— Хорошо. — ответил министр, мысленно считая что разговор все равно будет услышан. Он поднялся и все прошли за ним. Генерал Махров дал знак Джегеру остаться, оба подошли к Мин с Лэй и сели рядом, пододвинув кресла.
— Тебя что-то беспокоит, Мин? — спросил Лейд. — Здесь все свои.
— Меня беспокоит, что люди все понимают шиворот навыворот. Потом это понимание еще двенадцать раз выворачивают и получается черт знает что и сбоку бантик. Я работаю в отряде и там все ясно. Где враг, где друг. Так же было ясно и на Махре-14. Я сделала то что было нужно людям, а Шер Харлан решил что я это делала с каким-то черт знает каким злым умыслом. — Мин посмотрела на генерала. — Он этого не говорил. Он это думал. Я не могу работать с такими людьми. Они меня бесят.
— У вас разве не было политиков, которые думали бы обо всех и продумывали все варианты.
— У нас все политики и каждый себе хозяин. В лесу каждый делает то что ему хочется. И я не могу понять, почему каждый человек услышав что я делаю то что мне хочется, начинает думать, что мне хочется грабить, убивать и насиловать. Я не понимаю этого. И я начинаю думать что люди сами таковы, что им именно этого и хочется.
— У вас не было грабителей?
— Какие грабители? Что грабить? Пересаживать траву с места на место или перетягивать облака? Все наши ценности это жизнь и свобода. И ни один крылев никогда не посягал ни на жизнь ни на свободу другого. Вы все время спрашивали почему контракт, а не наем. Потому что я не выношу приказов и не собираюсь делать того что мне не хочется. Если кто-то хочет применить силу и заставить меня, это право любого. А мое право применить силу для защиты. И мое право запугать его до такого состояния, что он испугается что либо делать. И с такими делами можно зайти так далеко, что начнется самая настоящая война. Я благодарна людям за спасение, но я не могу быть благодарной на столько что бы дать людям меня убить. Еще неизвестно что было бы если бы меня никто не поймал. Может быть я ожила бы пролетая рядом со звездой и ничья помощь мне не потребовалась бы.
— Ты бы погибла. — сказал Джегер.
— Я бы не погибла. Сейчас я точно знаю, что не погибла бы. Может быть, я долго бы болталась в вакууме, пока не сообразила бы что к чему. А после этого улетела бы куда нибудь своим ходом и не зная что вы где-то живете.

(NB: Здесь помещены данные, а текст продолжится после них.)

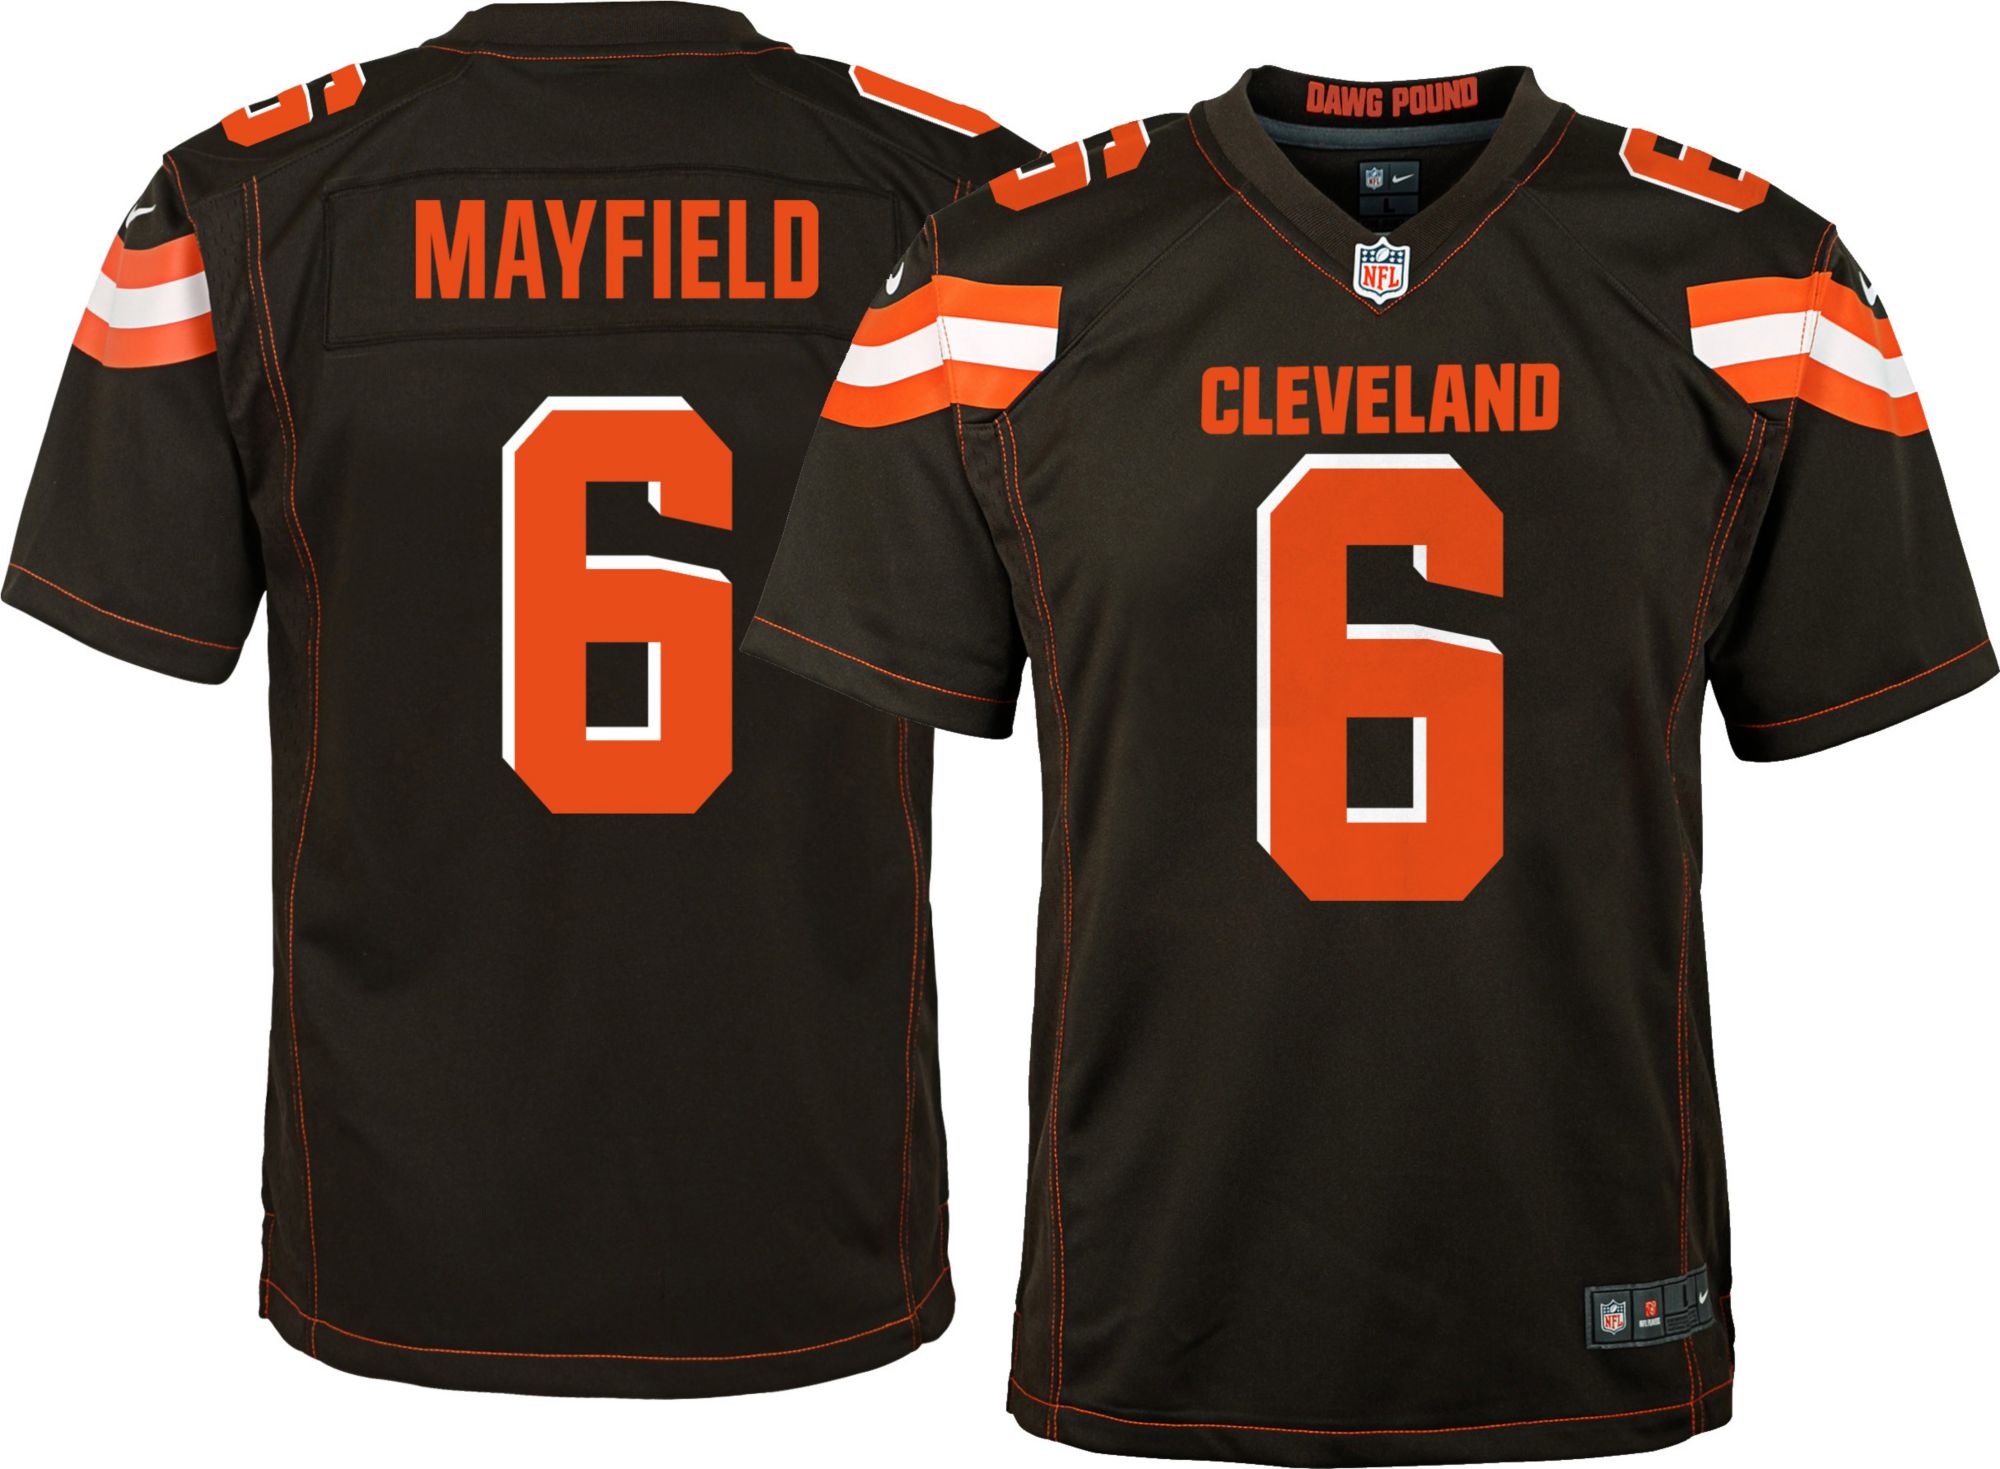 Cleveland Browns Jerseys | Curbside

— Ты можешь и сейчас улететь?
— Могу сказать, что сейчас у меня есть куда улететь так что никто меня не достанет в ближайший миллион лет. Мне и лететь особо не надо. Я могу изменить свой вид и прощайте все. У меня есть еще одно имя, которое я еще не использовала, так что вы понимаете что я могу сделать.
— И почему ты этого не делаешь? — спросил Джегер.
— А почему, Джегер, ты не бросишь все, не сходишь к пластическому хирургу, который изменит твое лицо и не перемахнешь через границу, что бы начать свою жизнь сначала?
— Поздно начинать.
— Это только отговорка. Никому и никогда не поздно. Так почему, Джегер?
— Из-за друзей? — спросил он.
— Я рада, что ты сумел это выговорить. — сказала Мин.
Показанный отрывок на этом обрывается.